### PROBLEM DESCRIPTION
Look below for the line with "JOINT BASE BALAD, Iraq", then repeat it and all lines after it, exactly, minus any pictures.

### INFORMATION PROVIDED
════════════════

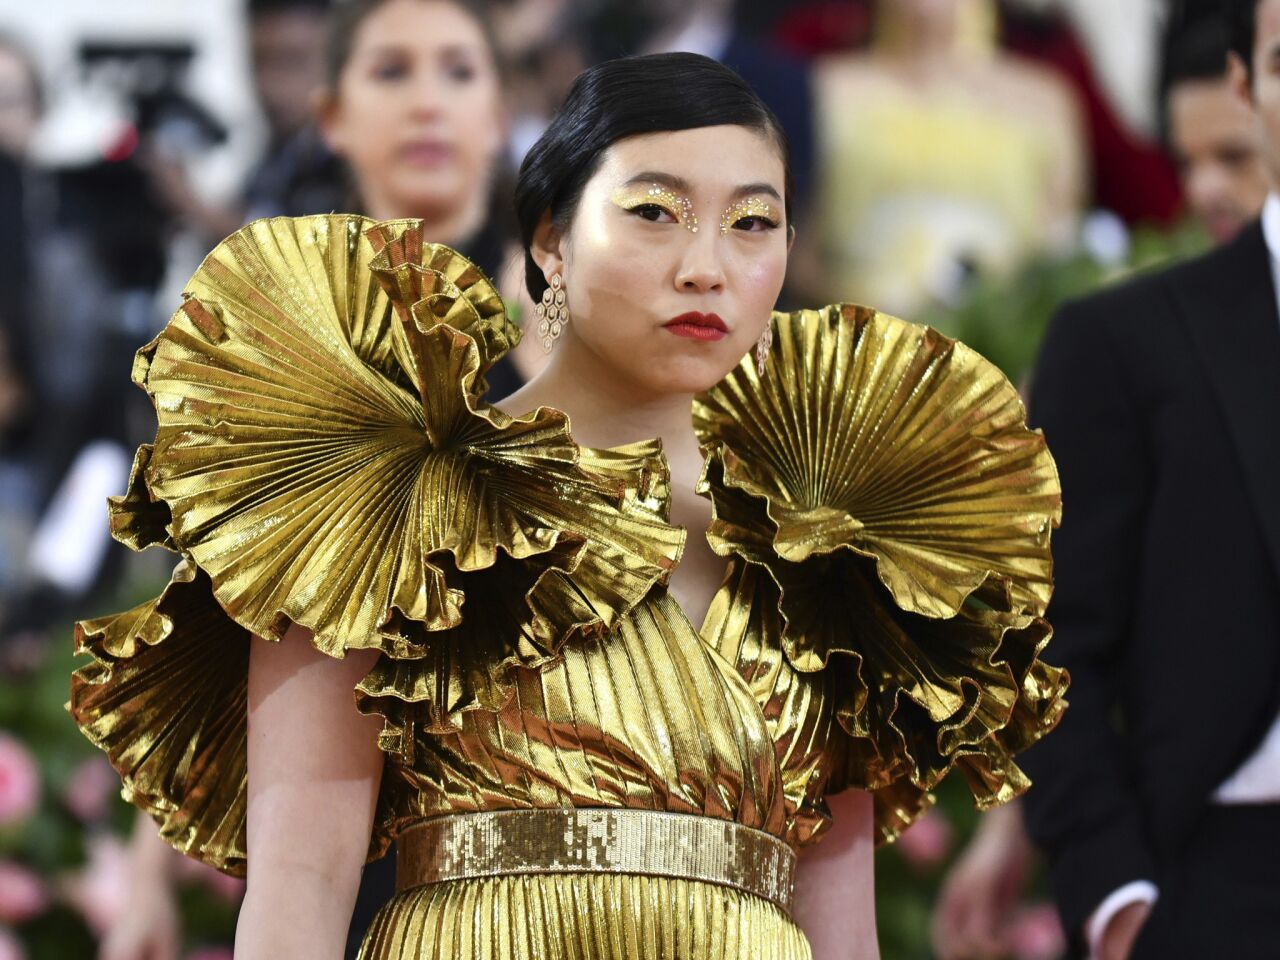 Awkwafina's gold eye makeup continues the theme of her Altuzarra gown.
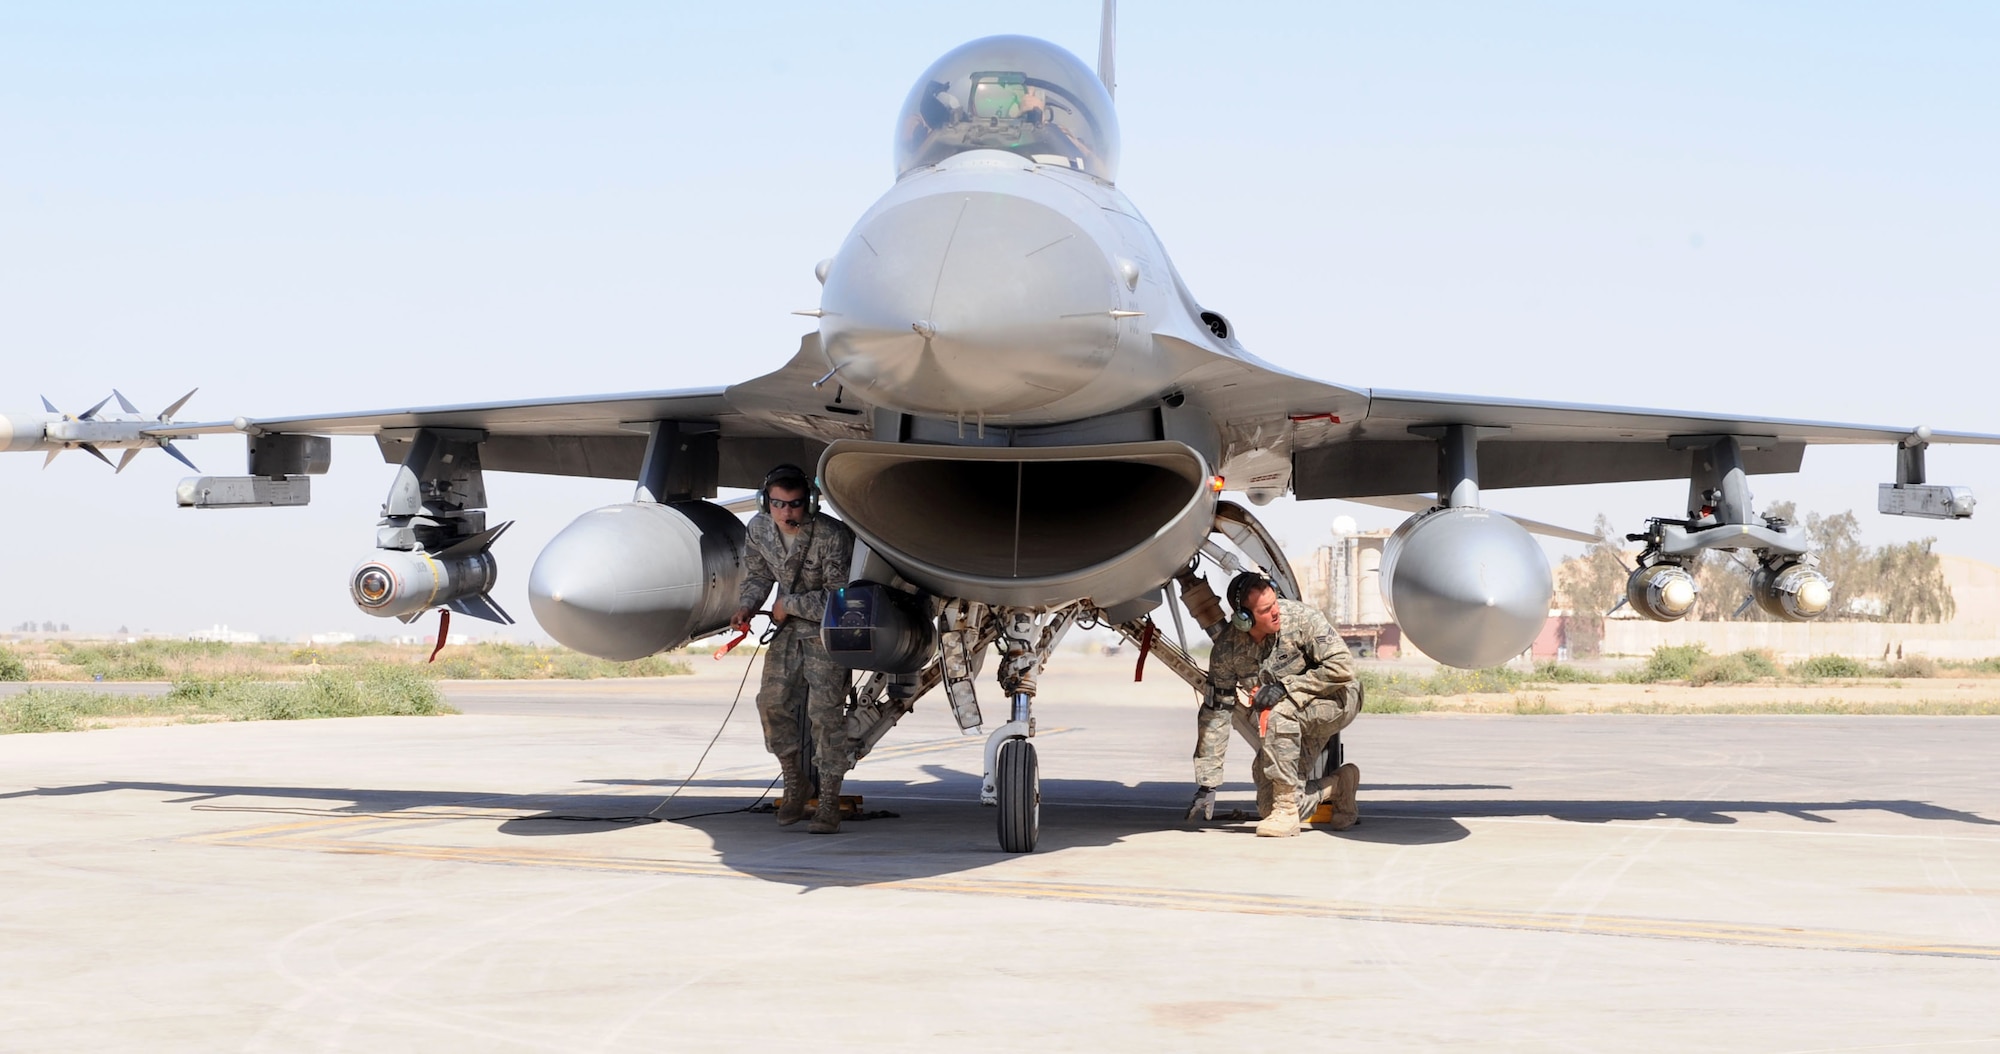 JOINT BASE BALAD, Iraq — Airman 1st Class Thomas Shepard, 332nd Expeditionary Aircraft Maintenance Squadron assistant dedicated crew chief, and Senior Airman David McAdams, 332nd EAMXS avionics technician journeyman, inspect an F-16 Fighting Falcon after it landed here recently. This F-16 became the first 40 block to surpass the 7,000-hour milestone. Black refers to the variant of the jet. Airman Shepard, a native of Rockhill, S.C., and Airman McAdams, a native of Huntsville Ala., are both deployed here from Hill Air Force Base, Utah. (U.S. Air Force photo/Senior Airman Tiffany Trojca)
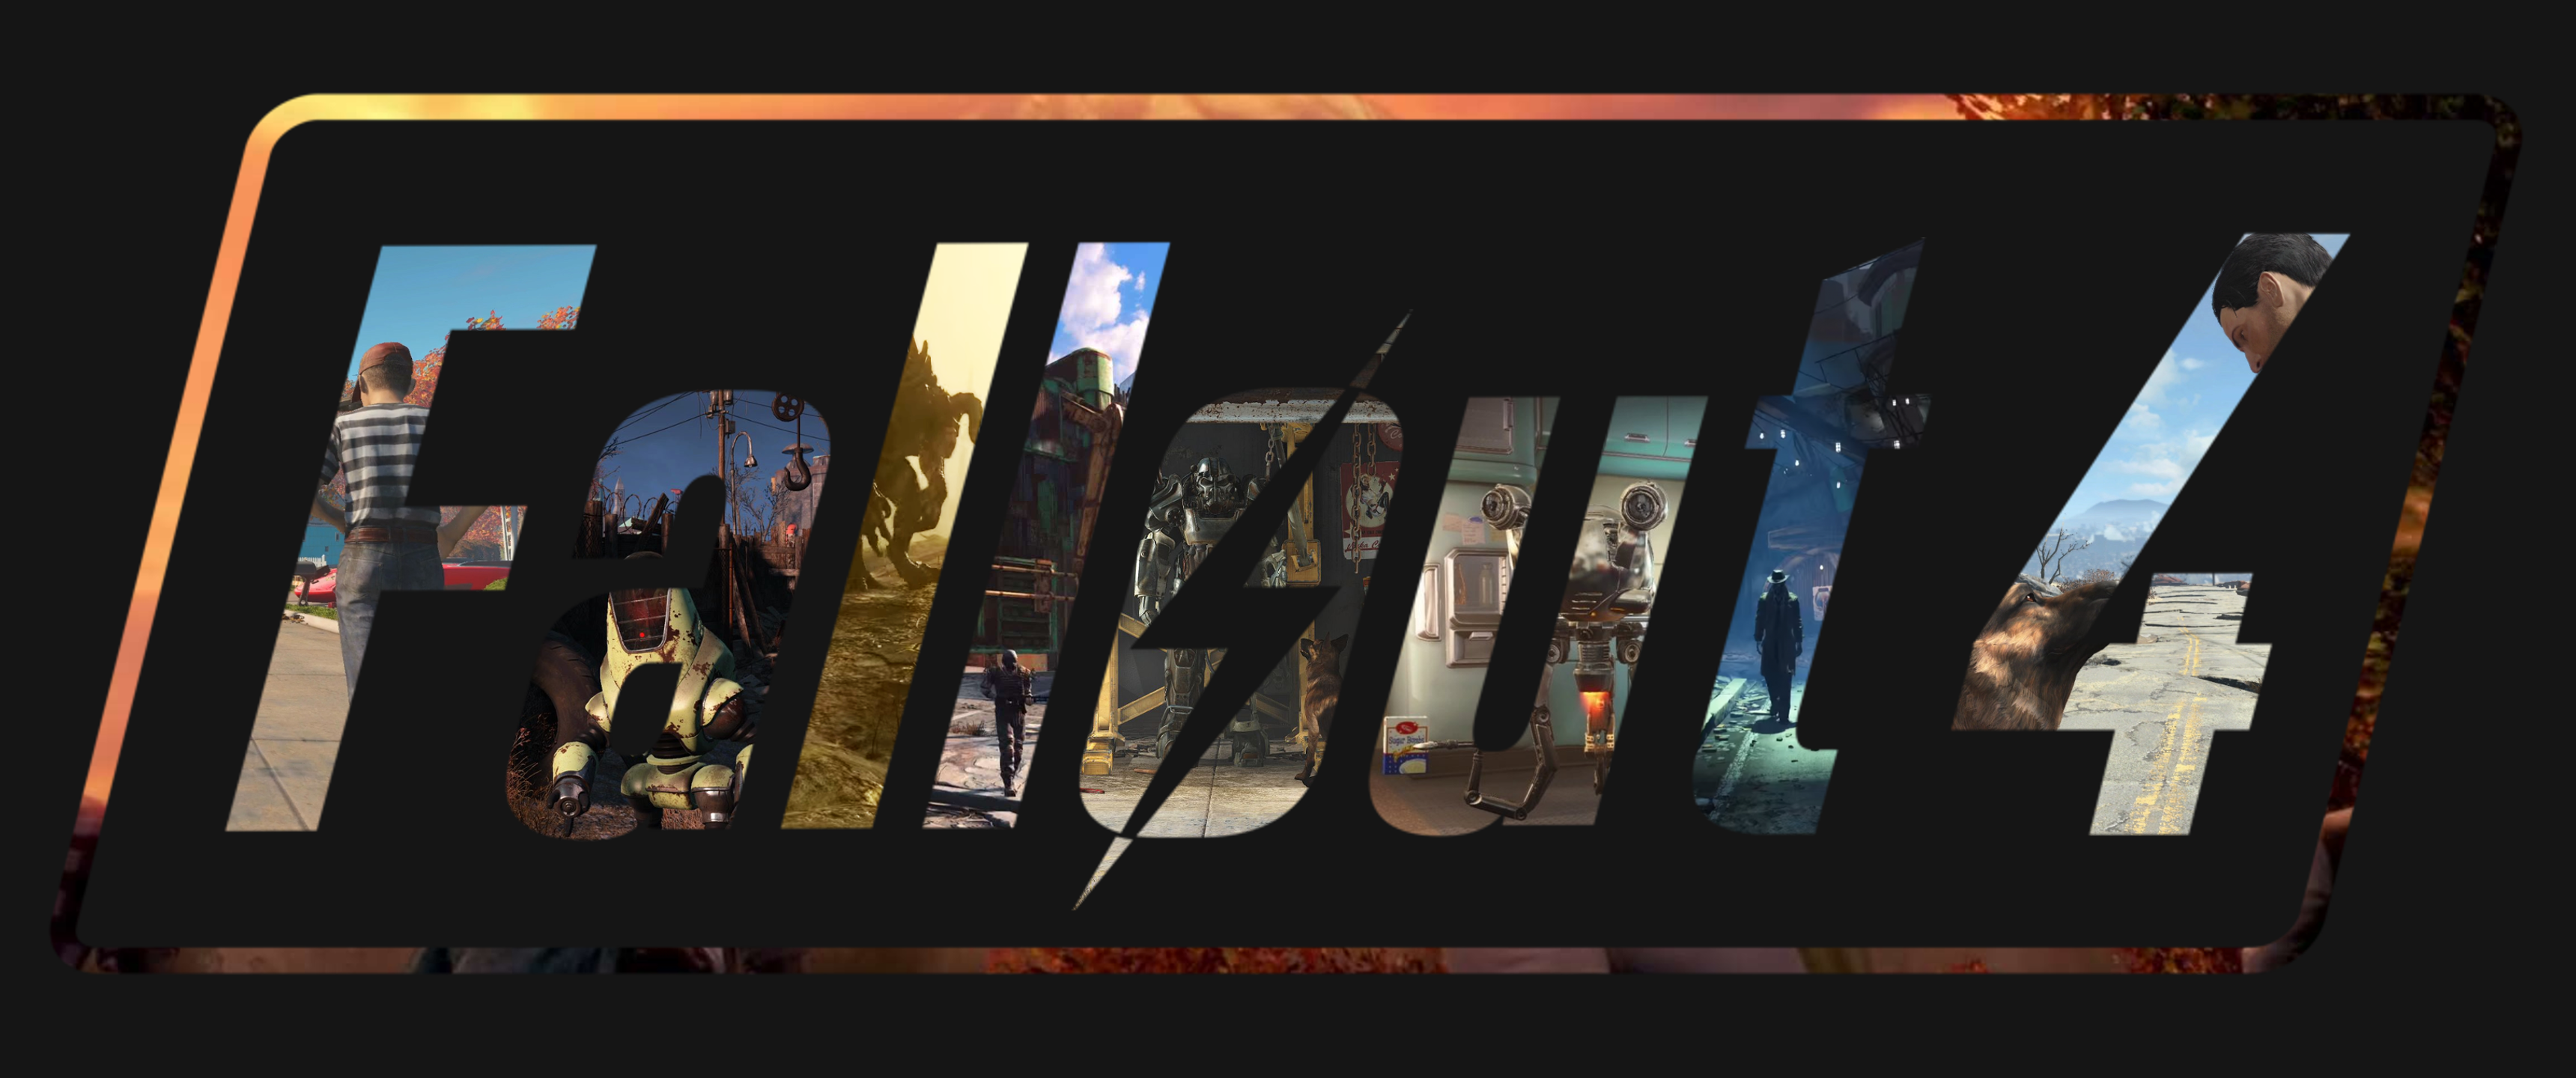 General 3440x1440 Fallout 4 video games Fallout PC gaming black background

════════════════

### REPLY TO THE EXERCISE
 JOINT BASE BALAD, Iraq — Airman 1st Class Thomas Shepard, 332nd Expeditionary Aircraft Maintenance Squadron assistant dedicated crew chief, and Senior Airman David McAdams, 332nd EAMXS avionics technician journeyman, inspect an F-16 Fighting Falcon after it landed here recently. This F-16 became the first 40 block to surpass the 7,000-hour milestone. Black refers to the variant of the jet. Airman Shepard, a native of Rockhill, S.C., and Airman McAdams, a native of Huntsville Ala., are both deployed here from Hill Air Force Base, Utah. (U.S. Air Force photo/Senior Airman Tiffany Trojca)
 General 3440x1440 Fallout 4 video games Fallout PC gaming black background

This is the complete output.